Gilberto fue el primer habitante de ese mundo. Junto a Antonio Carlos Jobim empezó a levantar el edificio de la bossa nova, que luego fue adoptada en Estados Unidos como la representación más certera de las armonías musicales brasileñas, con un estilo que inmediatamente quedó asociado al jazz y se plasmó en las exitosas grabaciones que Gilberto compartió con Stan Getz y otros músicos durante la década del 60. Todo comenzó en 1958 con la grabación de Chega de Saudade, primer mojón de una travesía inigualable.
Desde ese momento hasta su regreso a Brasil, a fines de la década del 70, Gilberto recorrió el mundo entero entre aplausos y deslumbramientos. No había lugar que se resistiera a abrirle los brazos y a incorporar los sonidos de la bossa nova que su voz y su guitarra entregaba. Algunos se animaban inclusive a acercarlos a los sonidos locales. Siempre nacía de esa integración alguna mezcla virtuosa. En su país, Brasil, la obra de Gilberto fue inmediatamente asimilada por la generación posterior, la de Chico Buarque, Gilberto Gil y Caetano Veloso, cuyas carreras no hubiesen alcanzado la cumbre sin la influencia de ese maestro que todos reconocían como tal.

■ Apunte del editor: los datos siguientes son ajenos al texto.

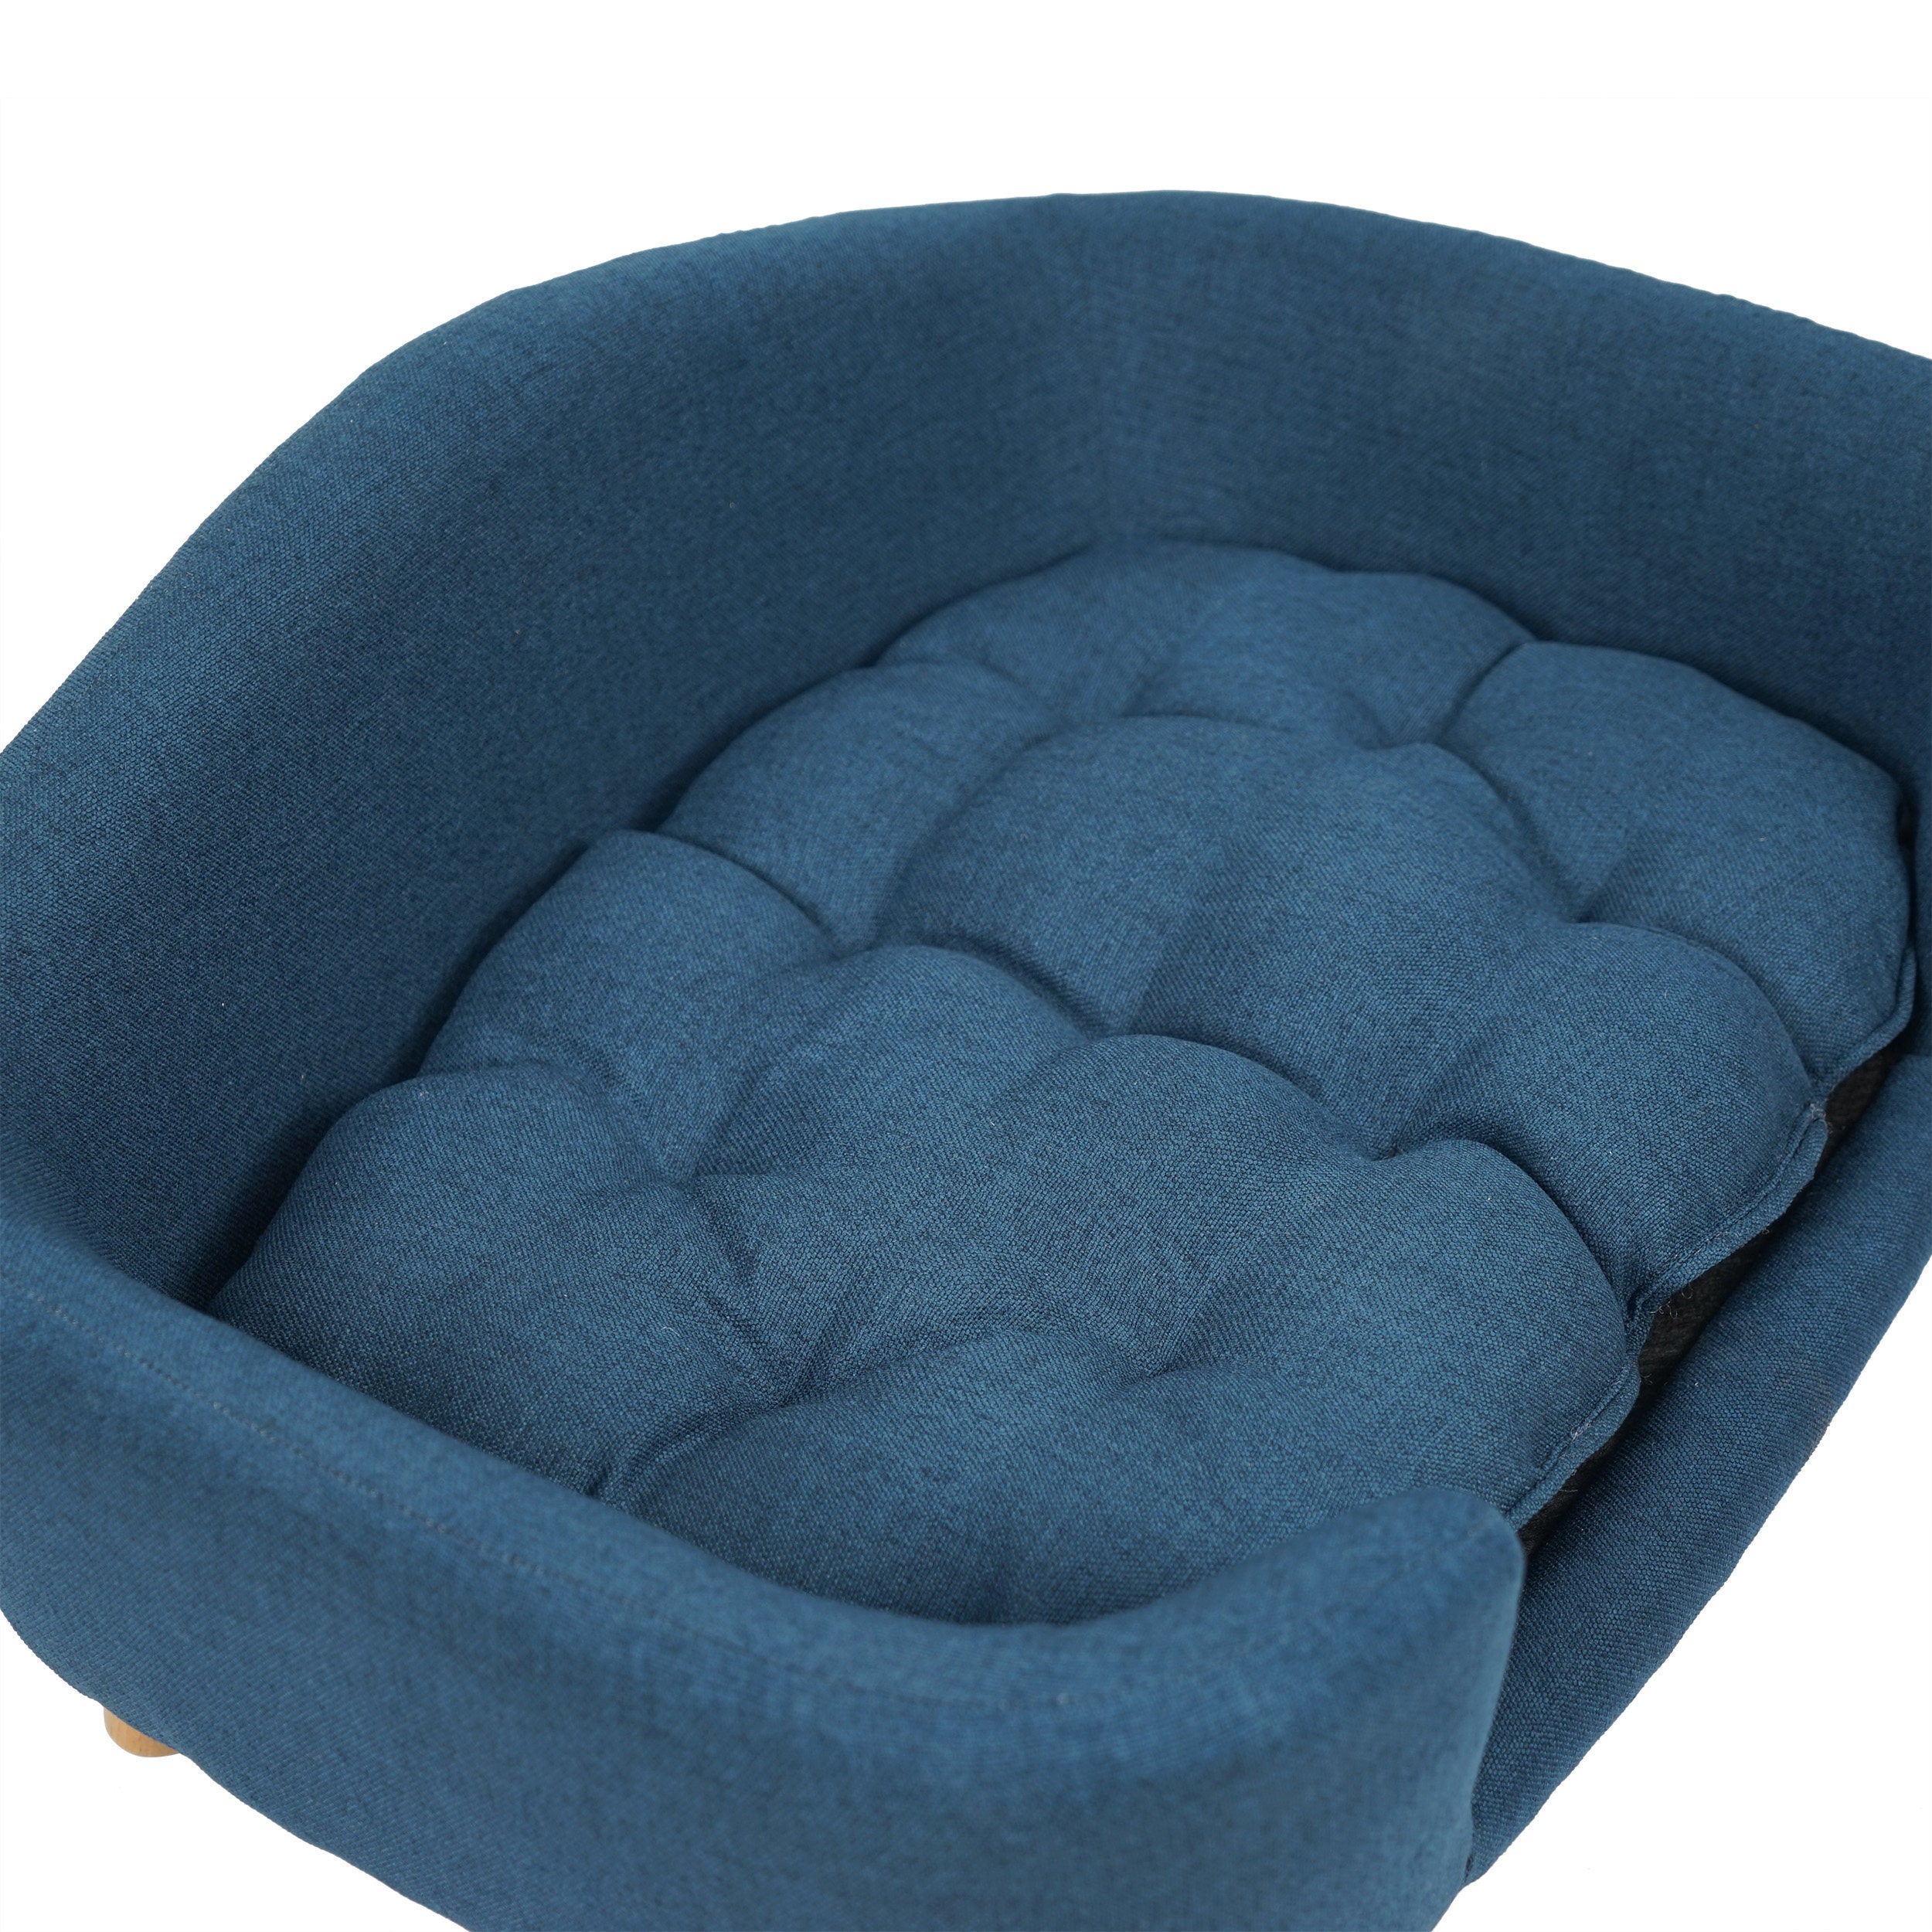 GDF Studio Samuel Mid Century Small Plush Dog Bed， Navy Blue and Natural Finish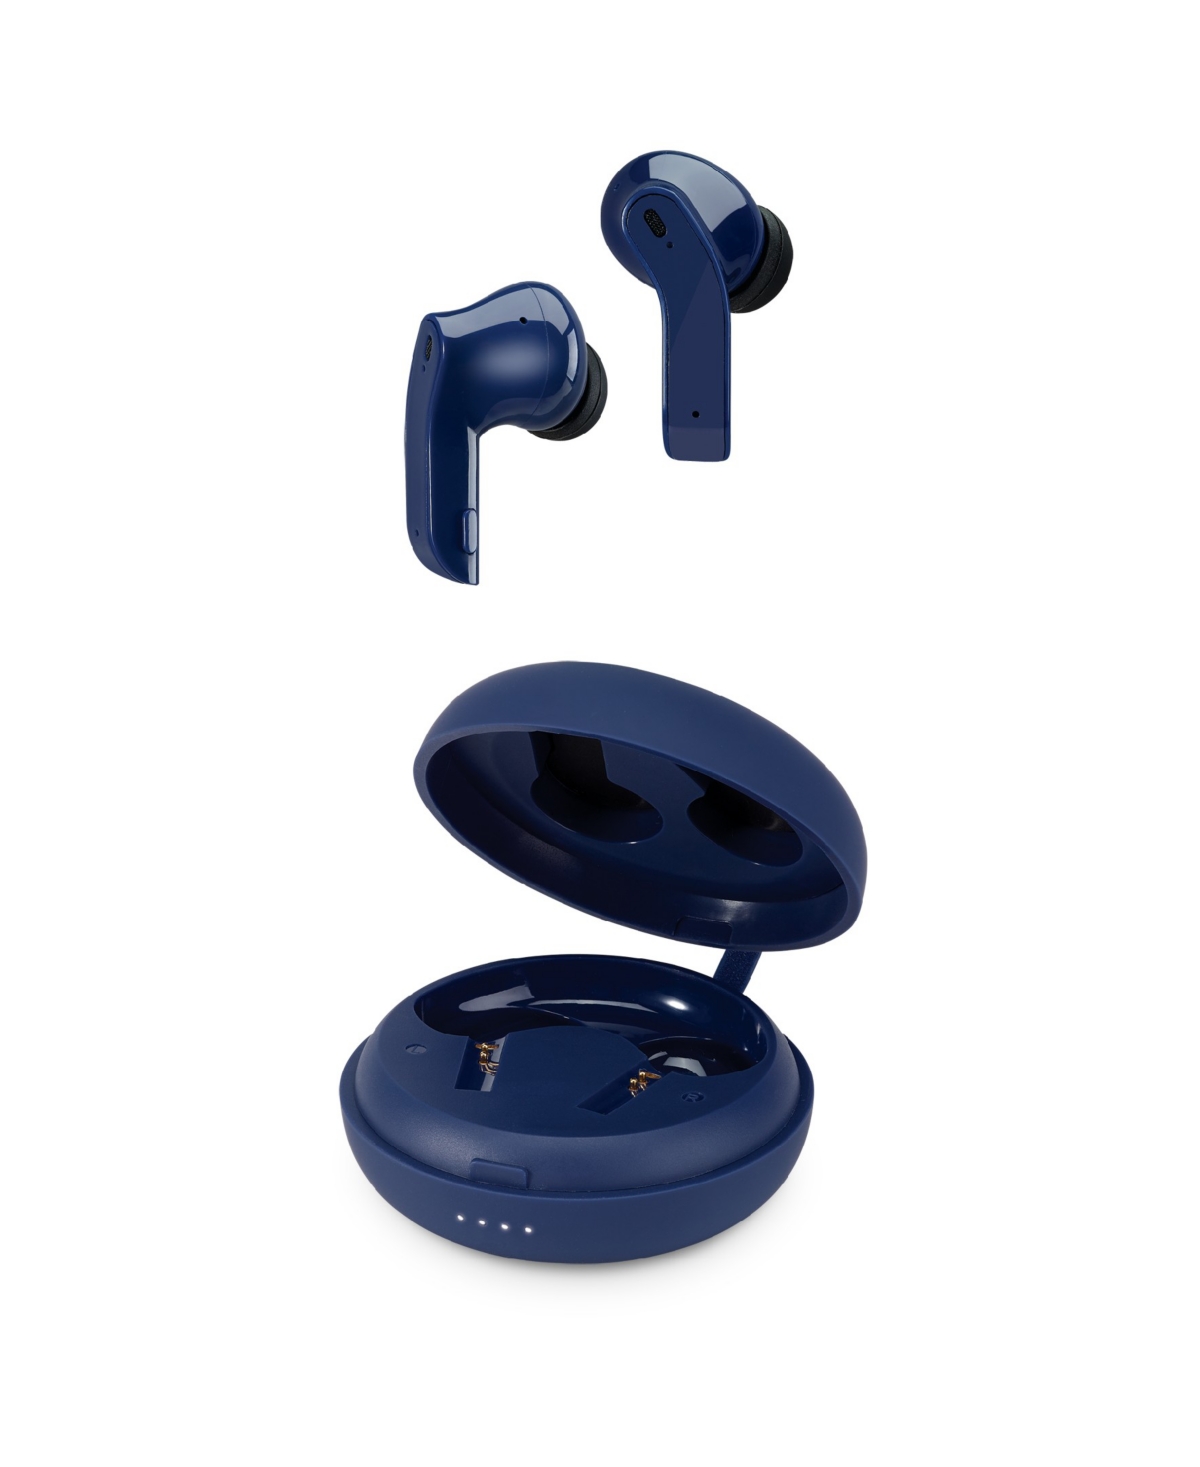 Ilive Truly Wireless Earbuds With Active Noise Canceling, Iaebt600ind In Indigo

Pero lo que más se disfrutaba de Gilberto era la expresión más pura de su arte. Alcanzaba con escucharlo en medio de un escenario despojado por completo. En el medio, con una timidez a toda prueba, casi sin poder levantar la cabeza ni expresar otra emoción que su rostro abrumado frente a los aplausos, Gilberto (de riguroso traje oscuro y corbata) se sentaba en una silla cualquiera, cruzaba las piernas y comenzaba a tocar mientras su voz acompañaba como un susurro las increíbles melodías que nacían de su guitarra, "batida" mediante.
Su introvertido temperamento de a poco fue llegando a límites casi extremos y cada vez se hicieron más esporádicas sus apariciones públicas. En un momento, cuando todo el resto del mundo parecía resignado a dejar de disfrutar sus actuaciones en vivo y conformarse solamente con escucharlo una y otra vez desde los discos, milagrosamente la Argentina se convirtió en un lugar en el que Gilberto se sentía lo suficientemente cómodo y feliz como para disfrutar de nuevo la posibilidad de ofrecer un concierto.
Eso ocurrió varias veces a fines de la década del 90. El público porteño fue uno de los pocos en compartir ese privilegio. Quienes fueron testigos de esos contados recitales veían a Gilberto, casi como un chico, festejándose a sí mismo la posibilidad de recuperar en vivo, frente a otras personas, la ejecución de sus grandes creaciones. No hacía falta esperar novedades en ese repertorio. Sus clásicos, recuperados en la forma más pura, tenían a través de su interpretación siempre la frescura prodigiosa de la primera vez. Sólo había que escucharlo en silencio y dejarse llevar por la belleza inefable de esa voz y esa guitarra.
La cumbre llegó en marzo de 1999, a lo largo de tres noches inolvidables. Gilberto volvía a Buenos Aires, pero esta vez acompañado. Esa vez hubo dos sillas en el escenario. En una estaba Gilberto, inconfundible. En la otra, con una sonrisa que casi no le entraba en el rostro, se acomodaba Caetano Veloso, uno de sus grandes discípulos y admiradores. "Aquí hay dos veces que han venido a contarnos lo que los ojos ya no pueden ver, las cosas que solo puede entender el corazón", escribió desde estas páginas Fernando López sobre aquéllos conciertos, que por suerte pueden ser rescatados, completos, desde los sitios de imágenes que ofrece Internet.
Fue Caetano quien dijo en Para ninguém, la canción que cierra su álbum Livro: "Y mejor que el silencio, sólo João".